Fitting Together Life's JigSaw Puzzle with Father Cutie'
About forty years ago the church that taught me Jesus loves me no longer had a place for me. It wasn't just me. Almost 1/4 of the membership, including Pastors and Seminary Professors were in the exodus.
I was entering Seminary. I had expected to sit at the feet of my church's revered and scholarly teachers. Instead I was at the feet of men and women from different churches -- both other Lutheran churches and other sects -- including a couple of non-Christian sects!
While it was something of a shock to this sheltered, immature believer, for the first time in my life I heard what others believed about God instead of what was wrong with what they believed. WOW! There was such freedom for my faith!

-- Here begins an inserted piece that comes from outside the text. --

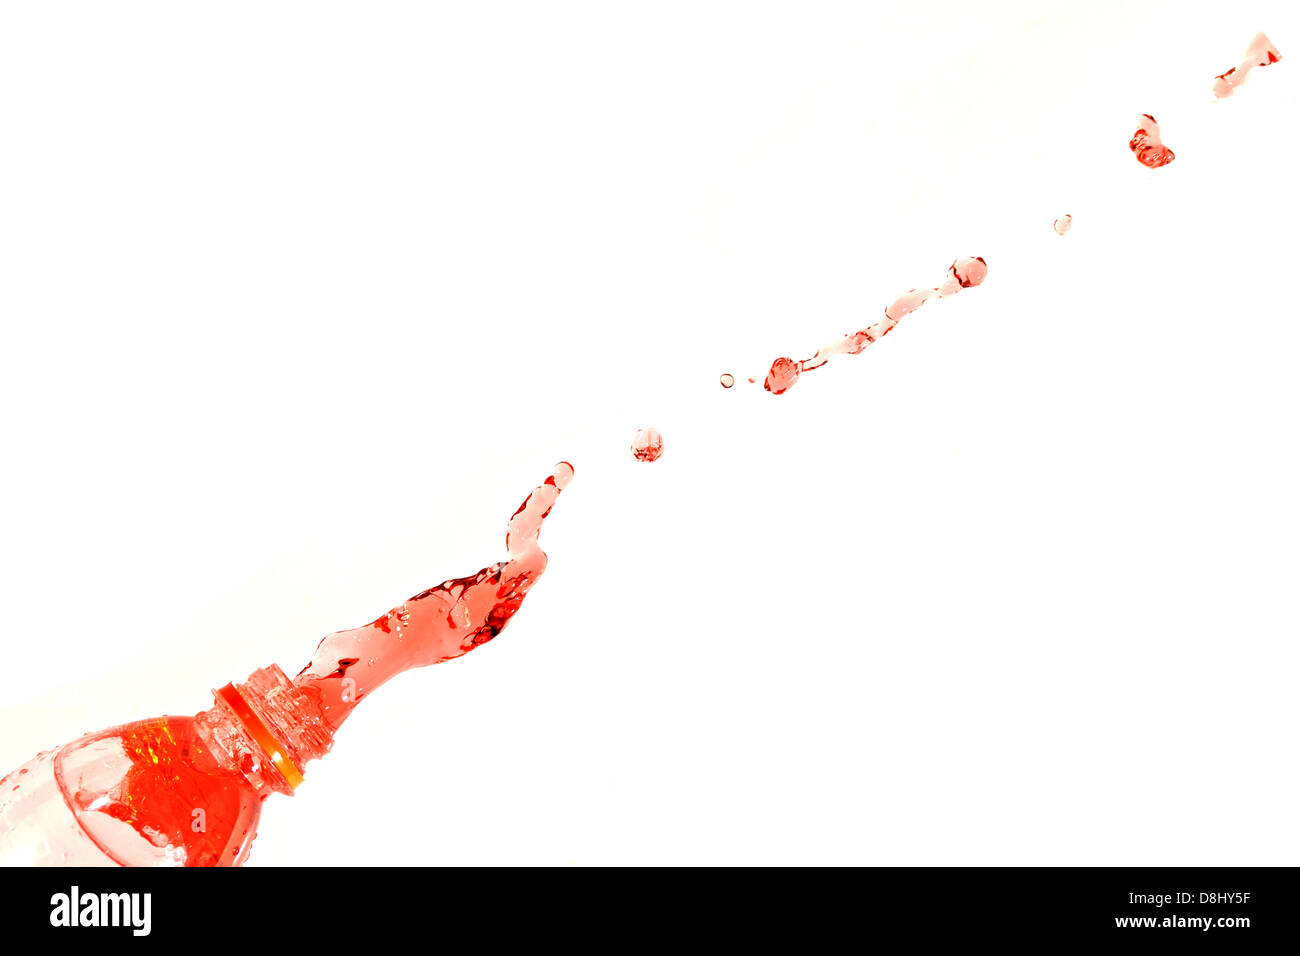 The Red water that spread out from the bottle on The white Background. Stock Photo

And yet there has always been this place of my heart that grieves the loss of "mother church." There remain missing pieces of the puzzle about who was right and wrong, who decides who can stay or has to go, and who has the better understanding of what God has revealed. I find that these missing pieces affect how I have pastored, how I have related to people of opposing views.

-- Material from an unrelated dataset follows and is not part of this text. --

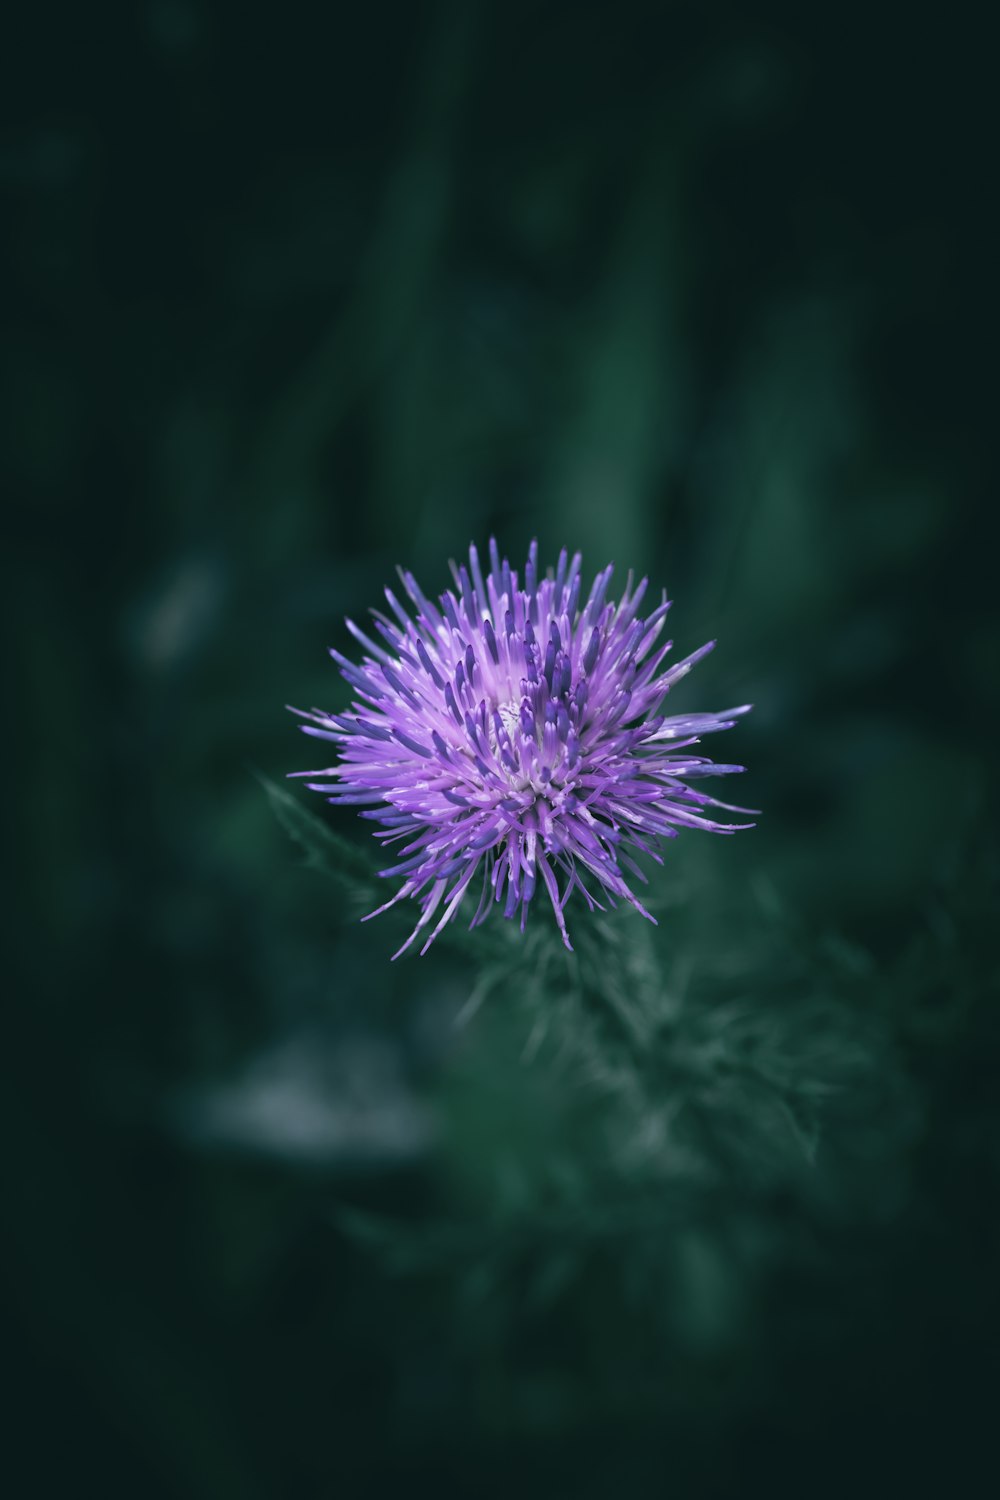 a close up of a purple flower on a dark background

The book "Dilemma," by Father Albert Cutie' has helped me find some of these puzzle pieces. Cutie' writes of his journey to Roman Catholic priesthood, through his priesthood, and journey out of the Roman Catholic church. Reading his experience has allowed me to walk back through my own. From time to time he absolutely nails pieces of my puzzle that help me understand what was happening in my journey, especially about the difference between faith in God and faithfulness or faithlessness in a church.
Here is the latest jig-saw puzzle piece he has given me:
Was I suffering a crisis of faith? No -- my faith in God was growing stronger every day. It was a crisis of ideology [editor's emphasis] and a profound change of mind and heart. I never expected that I would mentally, psychologically, and spiritually evolve and change my mind the way I did, but I finally came to realize that I no longer held many of the positions that appeared to be so dear to my institution in which I chose to serve God. pgs 225-226 Dilemma by Father Albert Cutie' copyright 2011, Penguin Books Limited
This little paragraph is an "OH DUH!" moment for me. Both the church and I too often confuse faith IN God with ideology (doctrine) of the church ABOUT God. My childhood church and I split over ideology, not faith.
This realization helps me understand the struggle in my current Church over ordaining gay and lesbian partnered people. I think we have blurred the line between faithfulness to God and faithfulness to ideology. I have done this -- in my lack of understanding of those boundaries I've shut out and been shut out by those of opposing ideology when there could still be a meeting at the center of faith.
Could it be that the healing power of God's presence might allow those of us damaged in this latest ideology battle to restore relationship, even while being faithful to opposing ideologies? What hope there is in this possibility!
How faithful and loving God is to put the leadership of God's church in the hands of the likes of us!